:: What is needed ::
Pictures should be left out when the listing below is repeated word for word.

:: Dataset content ::

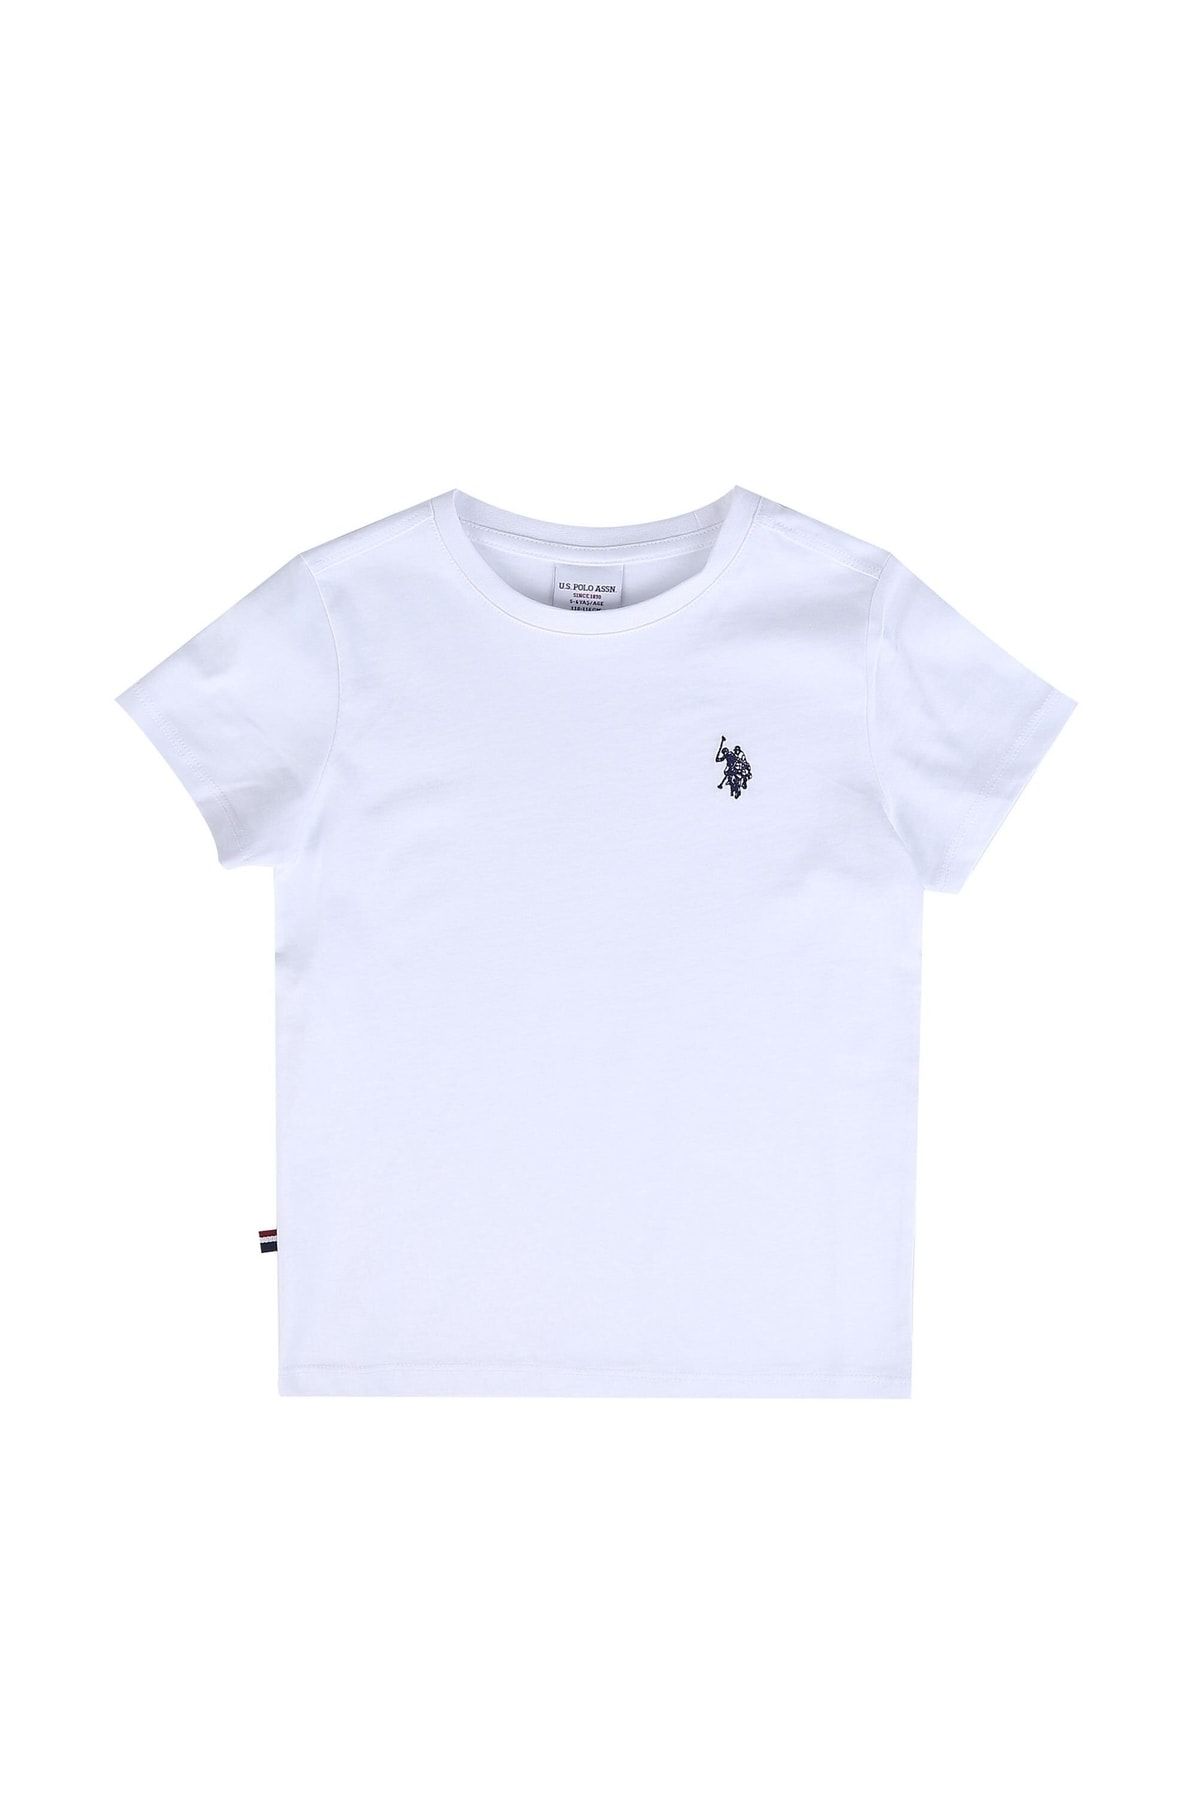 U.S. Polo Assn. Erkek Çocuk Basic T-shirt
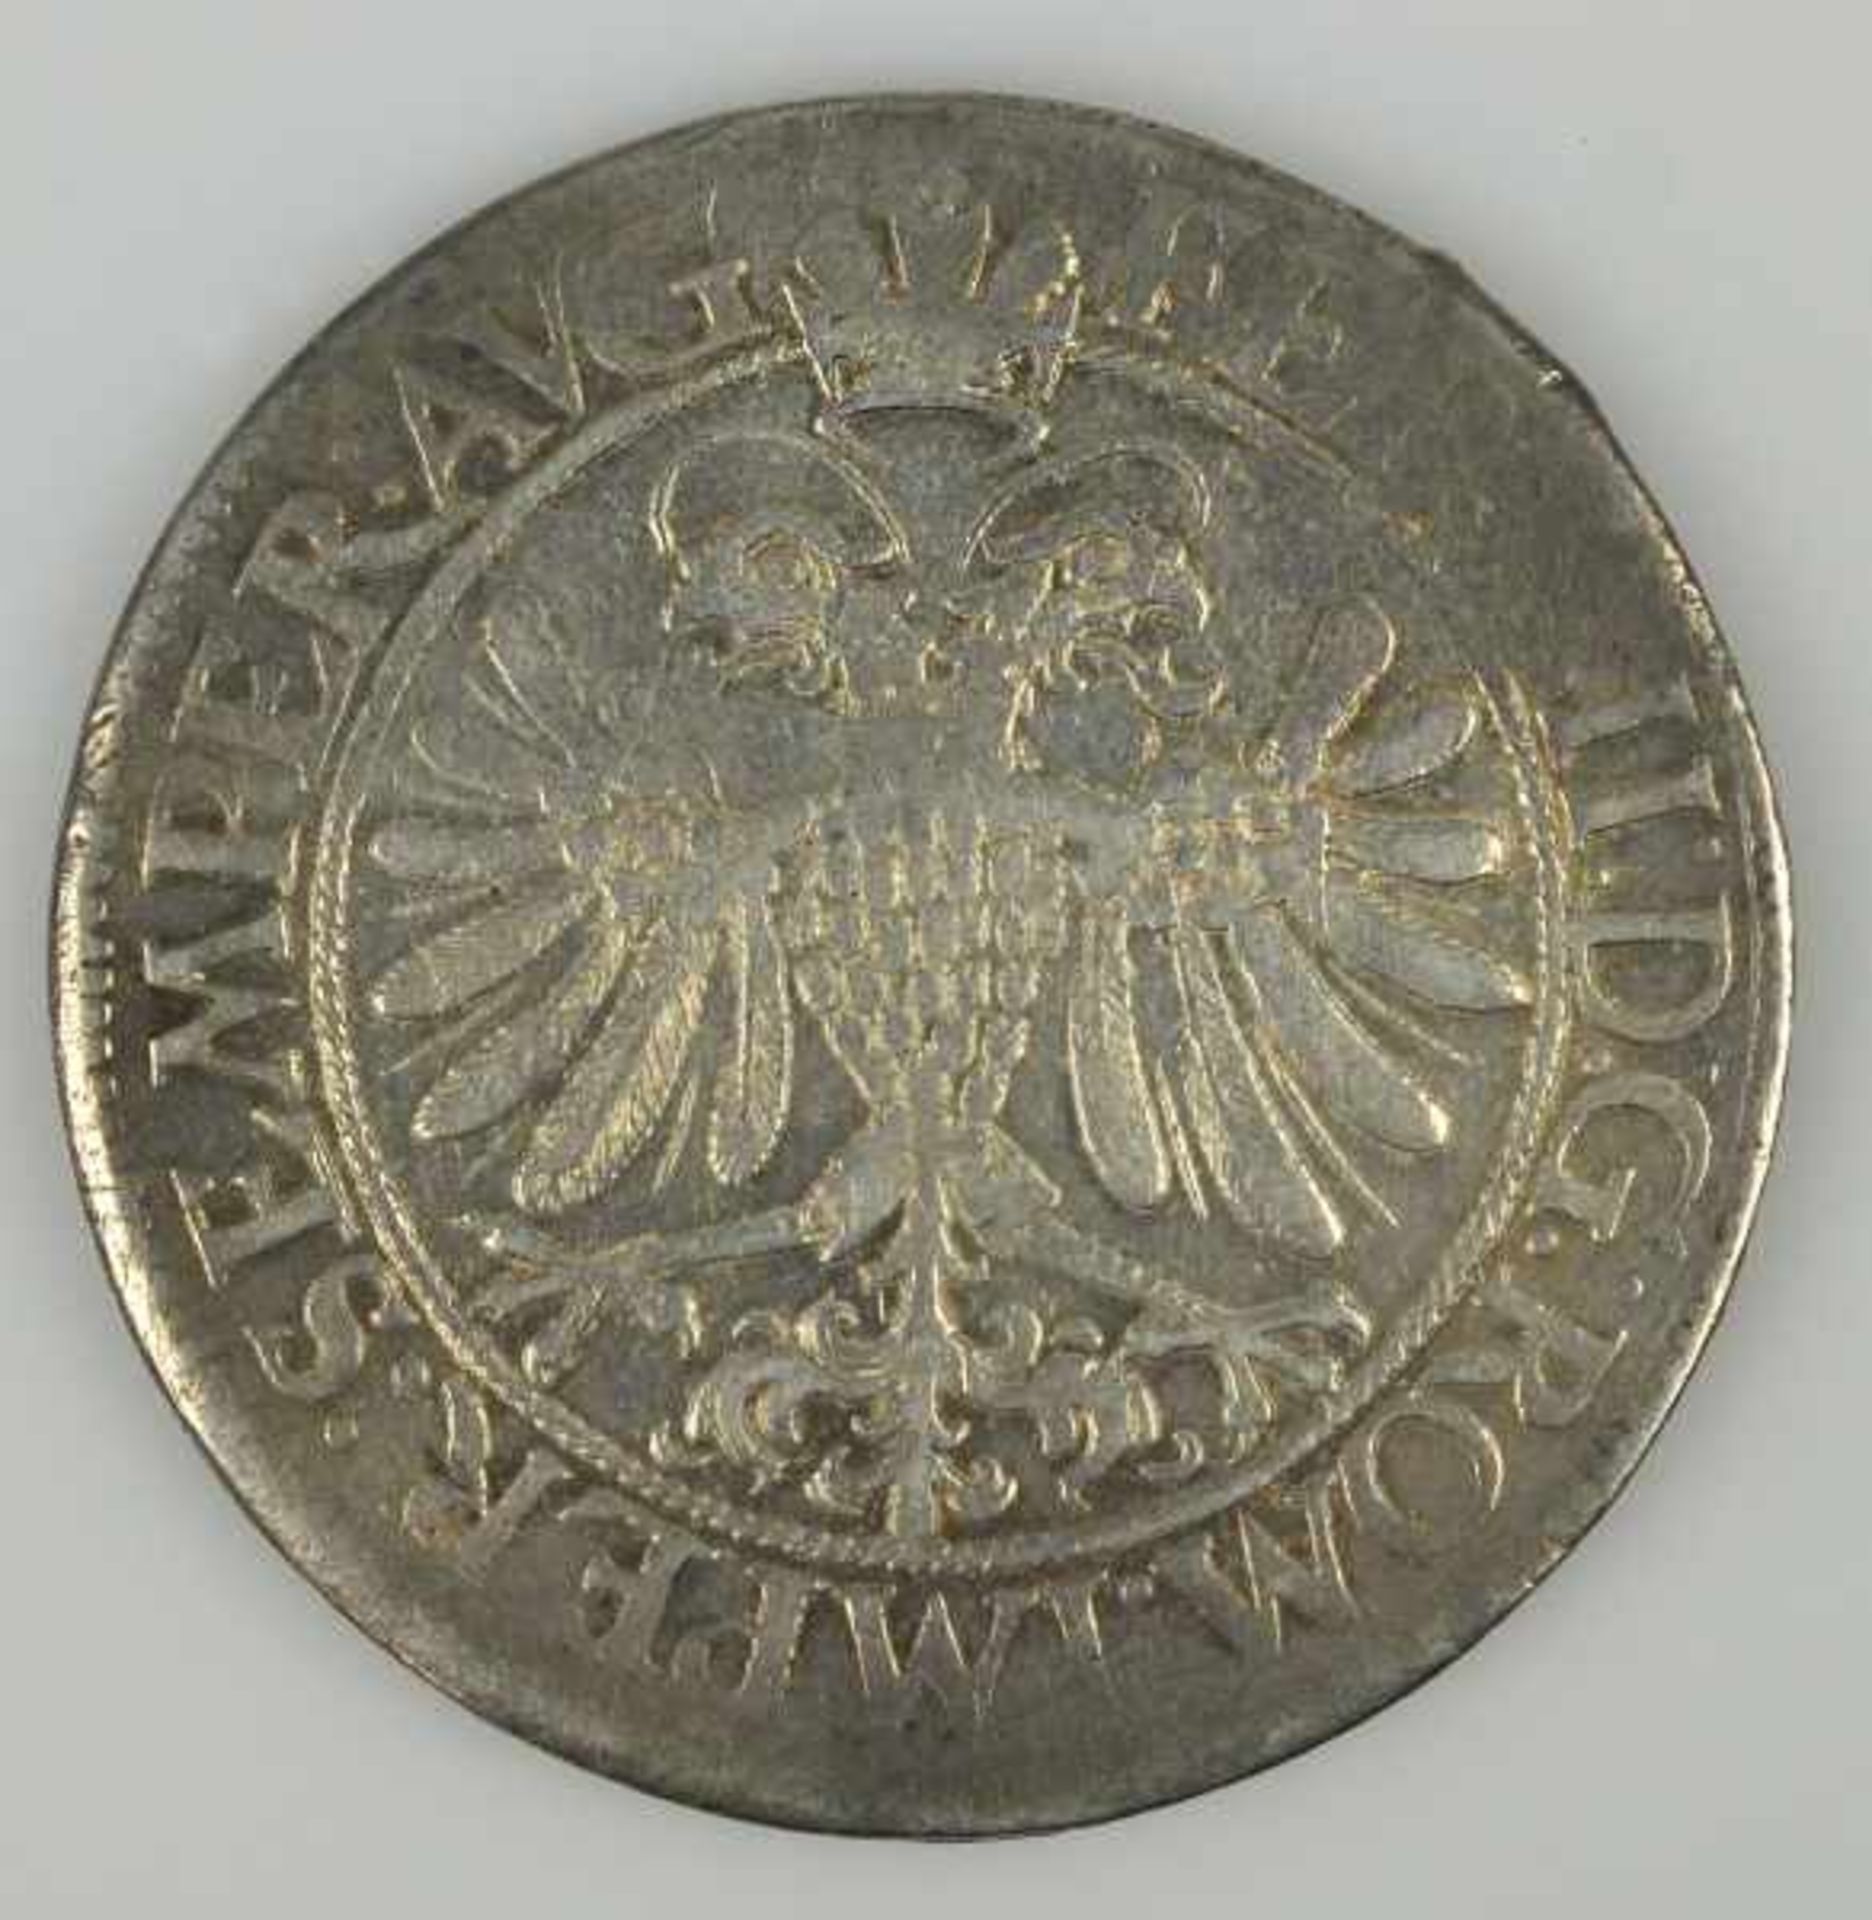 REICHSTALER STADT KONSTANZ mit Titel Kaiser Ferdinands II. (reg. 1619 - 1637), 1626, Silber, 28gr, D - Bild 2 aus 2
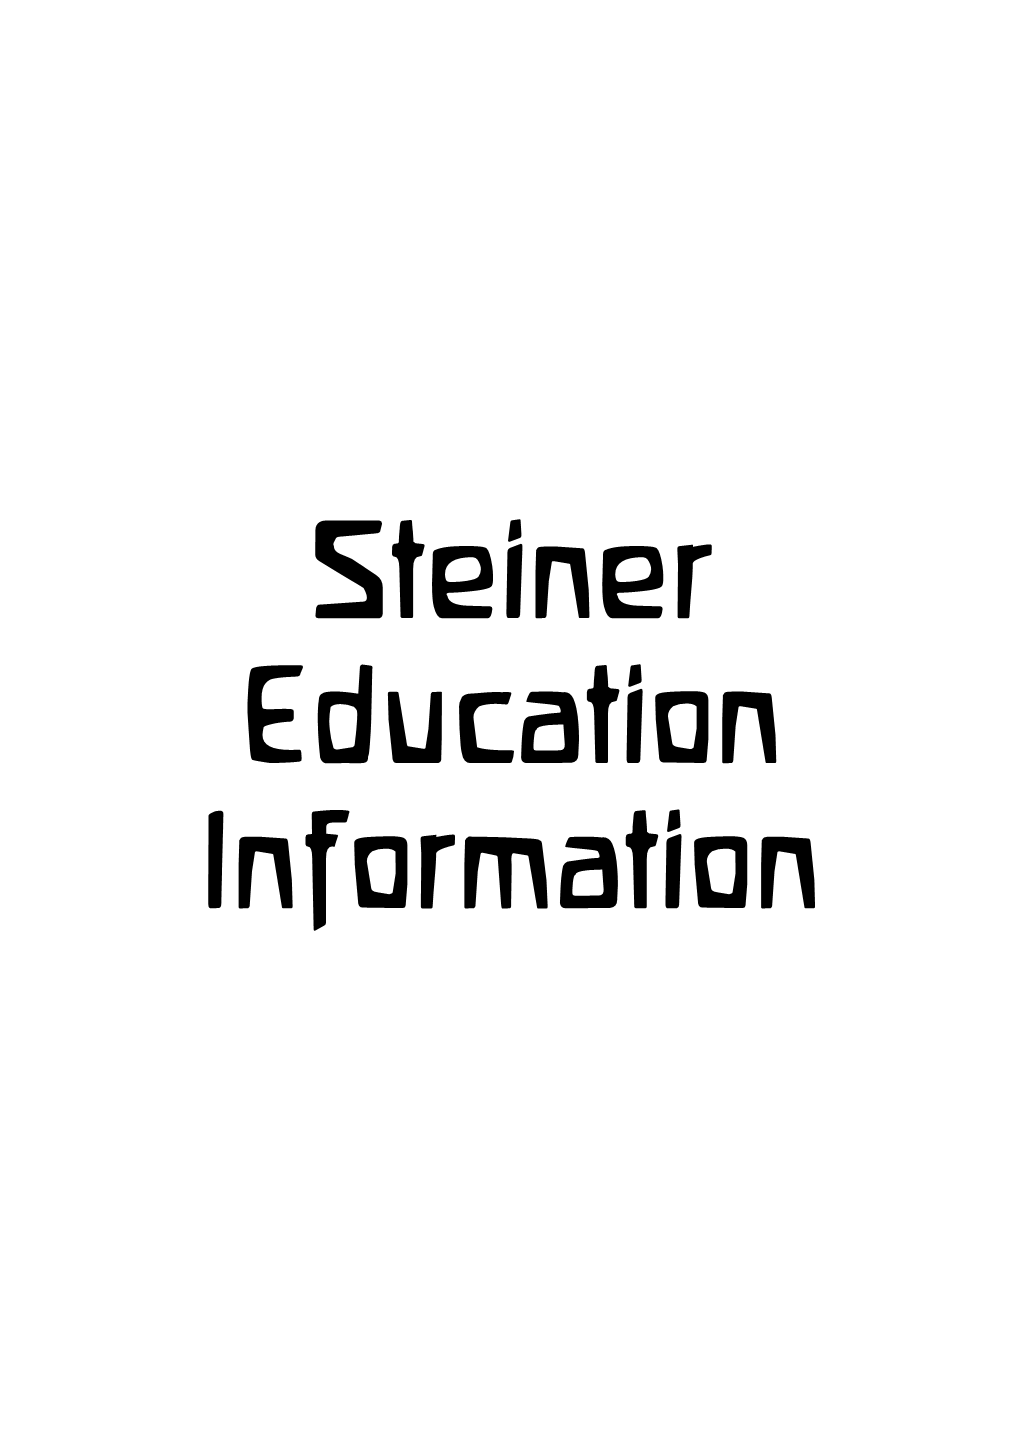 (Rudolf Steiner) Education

:: Answer ::
 U.S. Polo Assn. Erkek Çocuk Basic T-shirt
 REICHSTALER STADT KONSTANZ mit Titel Kaiser Ferdinands II. (reg. 1619 - 1637), 1626, Silber, 28gr, D - Bild 2 aus 2
 (Rudolf Steiner) Education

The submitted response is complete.